The downside is this forks for each file, which may be a show stopper (it is, for one of my datasets, but not for most of them).

First, put this in a file, call it “tar-md5” or something, and put it in the PATH:

#!/bin/bash

md5=`md5sum`;
md5=${md5%% *}

printf "%s  %s\n" $md5  "$TAR_FILENAME"

Now, run restic dump with your choice of snapshotid and path, then pipe that to

| tar -xf - --to-command=tar-md5 > output.hashes.txt

Now run md5sum -c output-hashes.txt in the directory that you previously restored (or in my case, since I verify after a backup, the source directory)

alexweiss · December 29, 2023, 3:00pm

@sc2maha The downside of your self-made compare is that it has to read both the local data and all data from the snapshot (and this even quite inefficiently). In comparison to another restore the only benefit is that it doesn’t need scratch space, the downside is that another restore would be much faster than your dump. If you have restic mount available, using this and running the unix diff command would be even much easier and still better performance-vise.
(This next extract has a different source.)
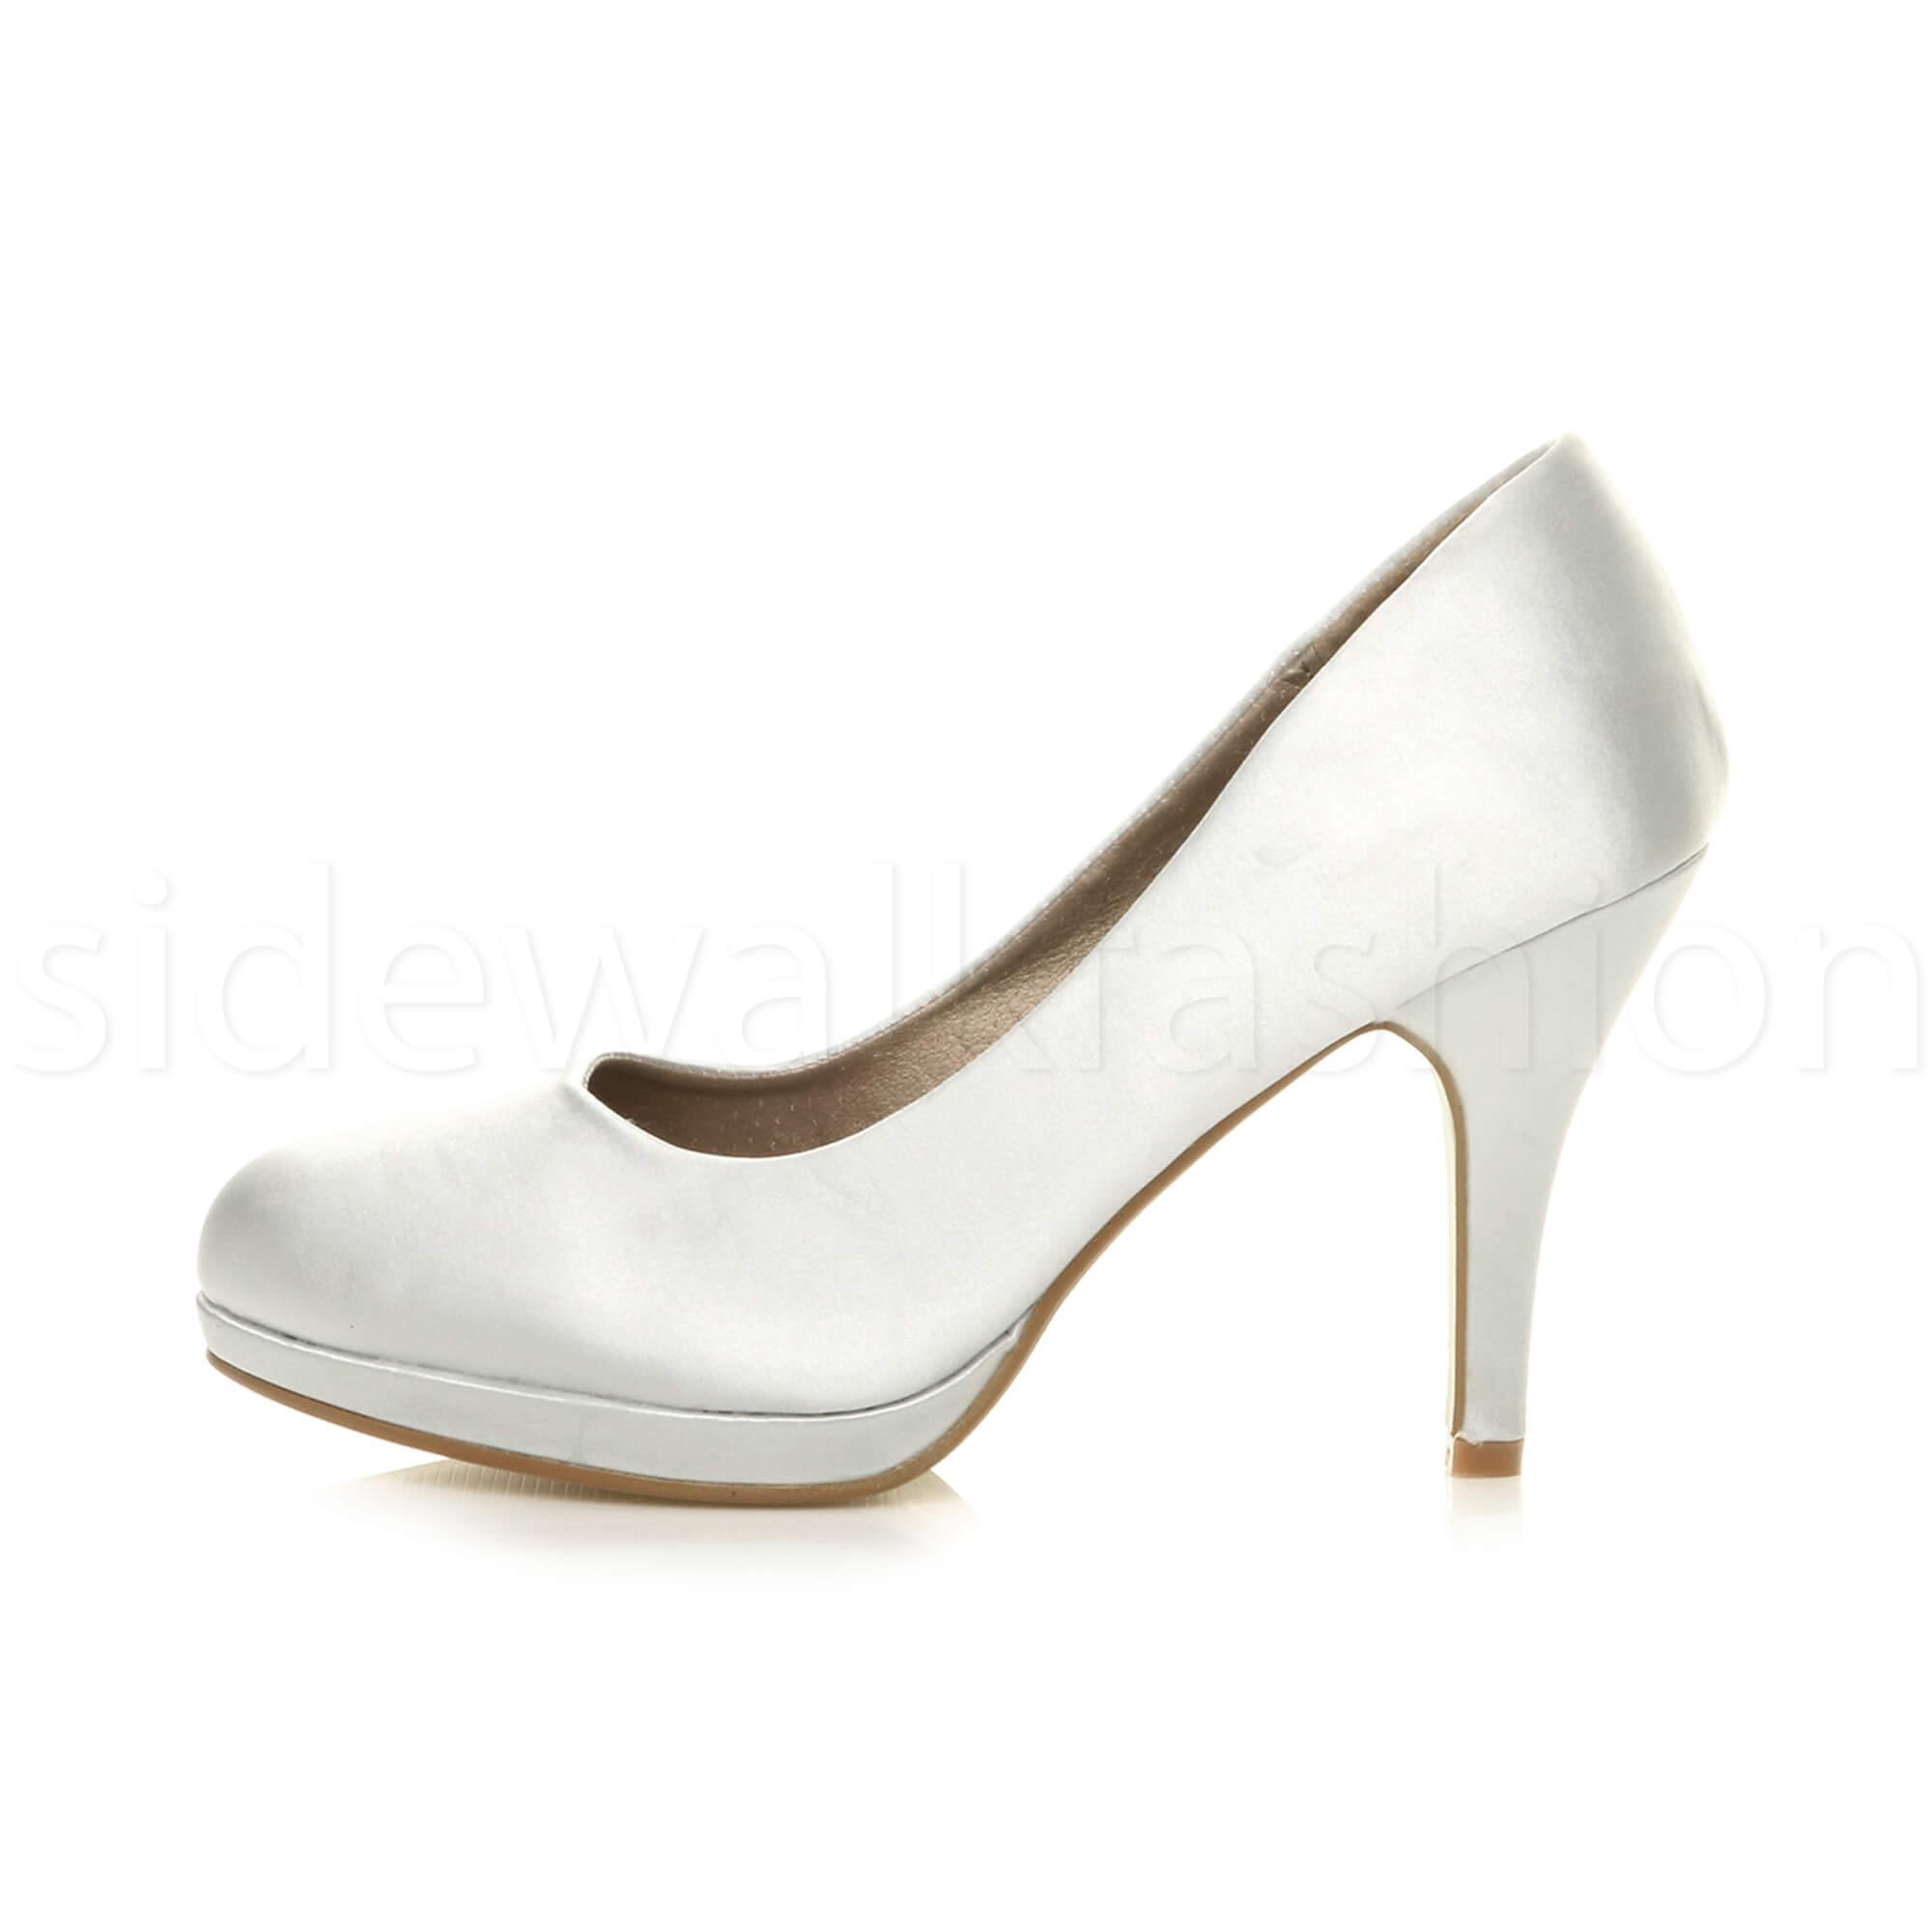 Womens-ladies-high-mid-heel-platform-wedding-evening-bridesmaid-court-shoes-size thumbnail 185

The solutions I offered all use the fact that during the backup all data is already hashed (more precise: Cut into chunks and all chunks are hashed-9 and that using these stored hashes there is no need to retrieve any additional data from the repository. They are not only much faster while still not needing scratch space, but also don’t produce extra costs if your repository is in some Cloud with access fees. (Actually, they even work with cold storages without needing to warm-up the cold backup data…)

sc2maha · January 12, 2024, 8:53am

My restore method ensures restorability. With complex software, the fact that the tool has all the data within its files is not always a guarantee that some bug won’t cause a glitch. I need a way to know what I get if I restore using dump.

Side note: I don’t use only restic, I use other backup tools also. That md5sum of the source disk gets used more than once.

I respect your right, as the author of rustic (if I am reading the thread correctly) to proclaim yours as the best solution, but for critical functions like backup I have learned from past experience only to use tools that are in the repositories of at least 2 of the 3 major distros I use across my machines.

I’m sure rustic will get there, and at that point I will probably take another look.

PS: mount is often slower due to fuse on some of my machines, I have not had time to dig into this.

alexweiss · January 12, 2024, 1:26pm

@sc2maha I don’t want to proclaim a best solution; I just want to discuss advantages and disadvantages of different solutions such that everyone can choose what is the best solution for them. And if your solution works for you or others, great!

I fully agree to you that for backup you shouldn’t rely on just some backup software telling you the backup is fine - you have to ensure yourself, that it in fact is - by doing restore tests!

In this thread the topic was about verifying a already completed restore. And I think the setting was that the restored data is not available anywhere else (in that case a simple diff would have done the task to verify that restore.) - so we want to compare the restored data against the repository.
So here I actually think that - besides the discussed advantages of each solution - using a different tool than the one used to restore gives you additional assurance that the data matches the repository.